À quarante-huit heures d’un scrutin présidentiel scruté de près, une voix collective s’élève au-dessus du tumulte de fin de campagne. Le Consortium panafricain pour la paix a choisi le terrain de l’appel solennel plutôt que celui de la dénonciation.
Une déclaration à contretemps de la fièvre électorale
Le 13 mars 2026, l’organisation a rendu publique une déclaration d’exhortation à la retenue. Elle s’adresse à l’ensemble des acteurs de la vie politique et sociale du Congo-Brazzaville, à deux jours du vote présidentiel prévu le 15 mars.
Le timing n’a rien d’anodin. Les déclarations de ce type arrivent rarement par hasard. Elles épousent les moments où la tension menace de déborder le cadre du débat démocratique, lorsque les derniers meetings échauffent les esprits.
Le Consortium réunit des organisations panafricaines engagées de longue date pour la paix et la démocratie sur le continent. Son intervention place le débat congolais dans une perspective régionale, là où chaque crispation nationale résonne au-delà des frontières.
Un climat de campagne sous tension
La déclaration ne tombe pas dans un ciel serein. Elle s’inscrit dans un contexte marqué par les frictions des dernières heures de la campagne. Plusieurs voix réclament un examen attentif des conditions dans lesquelles le scrutin doit se tenir.
Des acteurs de la société civile et de l’opposition jugent le processus déséquilibré. Selon eux, l’avantage pencherait du côté du président sortant, Denis Sassou-Nguesso. Ces critiques, portées sur la place publique, nourrissent un climat de défiance que personne ne sous-estime.
C’est précisément cette atmosphère que le Consortium entend désamorcer. Plutôt que d’arbitrer le fond des griefs, il cherche à préserver le cadre, ce socle minimal sans lequel aucun vote ne saurait être tenu pour légitime aux yeux du plus grand nombre.
Préserver la paix civile avant, pendant et après
Le cœur du message tient en une exigence simple à formuler, plus délicate à tenir. L’organisation appelle tous les acteurs, candidats, partisans et citoyens, à préserver la paix civile. Cette exhortation couvre l’avant, le pendant et l’après-vote.
La précision temporelle compte. Les contentieux post-électoraux figurent souvent parmi les phases les plus périlleuses des transitions africaines. En englobant les heures qui suivront l’annonce des résultats, le Consortium vise le moment où les frustrations risquent de s’exprimer.
L’appel s’adresse autant aux états-majors qu’aux militants de terrain. Car la retenue, pour produire ses effets, doit irriguer toute la chaîne, des plateaux de campagne aux quartiers où se croisent les sympathisants rivaux.
Une responsabilité renvoyée aux autorités
Le texte ne s’arrête pas aux seuls protagonistes politiques. Il interpelle directement les autorités, sommées de garantir la transparence et la sécurité du processus électoral.

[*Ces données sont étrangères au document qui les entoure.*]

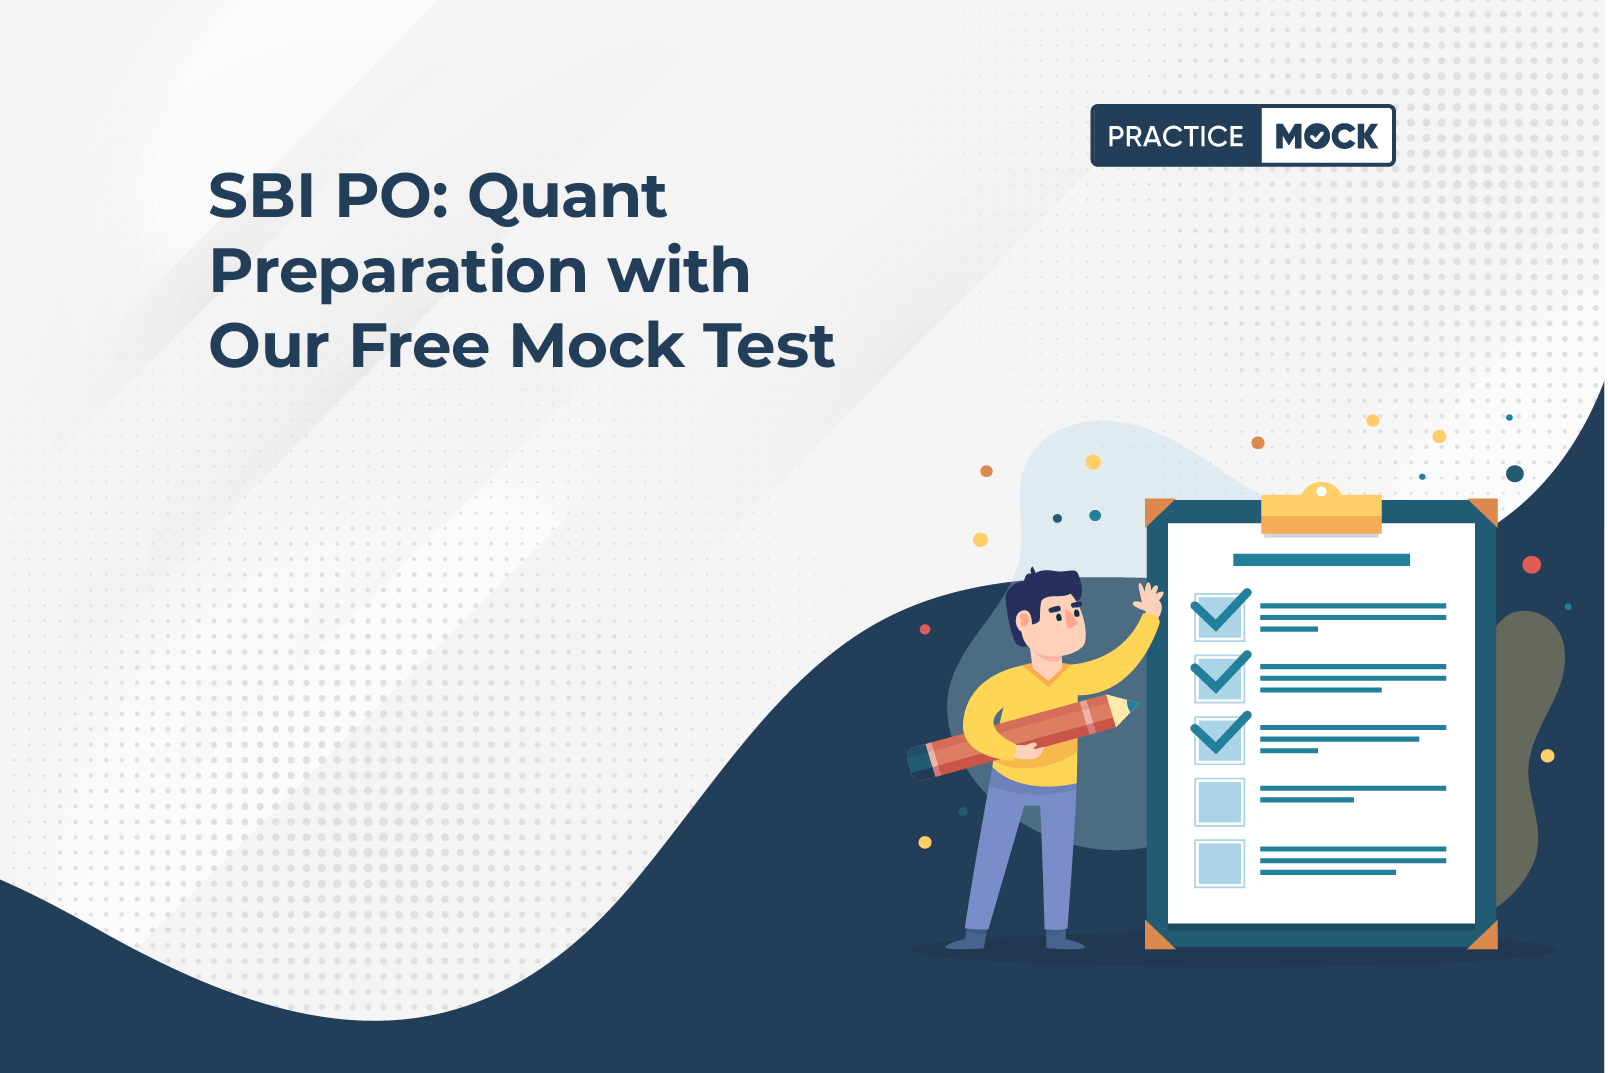 SBI PO Quant Preparation with Our Free Mock Test (1)

Le partage des responsabilités est ainsi clairement posé.
Cette double adresse traduit une lecture lucide. La paix civile ne repose pas uniquement sur la modération des candidats. Elle dépend aussi de la confiance que les institutions sauront inspirer par la régularité de l’organisation du vote.
En réclamant transparence et sécurité, le Consortium touche aux deux ressorts de la crédibilité d’un scrutin. L’une rassure sur la sincérité du décompte, l’autre sur la protection des électeurs. Les deux conditionnent l’acceptation du verdict des urnes.
Une voix panafricaine dans le débat congolais
L’intervention dit aussi quelque chose de la place prise par les acteurs régionaux dans les rendez-vous électoraux nationaux. Le Consortium ne se positionne pas comme juge, mais comme gardien d’un principe partagé sur le continent.
Cette posture a sa cohérence. En s’abstenant de trancher entre majorité et opposition, l’organisation protège sa capacité à parler à tous. Sa légitimité tient à cette équidistance assumée, qui lui permet d’être entendue de chaque camp.
Reste que les déclarations, aussi pesées soient-elles, ne valent que par leur réception. L’appel du Consortium sera mesuré à l’aune du climat dans lequel se déroulera le scrutin, puis à celle de la manière dont seront accueillis ses résultats.
Un test pour la maturité du processus
Le 15 mars constituera donc une échéance à plusieurs niveaux. Au-delà du choix des électeurs, il s’agira d’observer si l’exhortation à la retenue trouve un écho concret dans les comportements des acteurs concernés.
Pour le Congo-Brazzaville, l’enjeu dépasse le seul résultat. La capacité collective à traverser cette séquence sans rupture dira beaucoup de la solidité du contrat civique. Le message du Consortium pose, en creux, cette question essentielle à toute la société.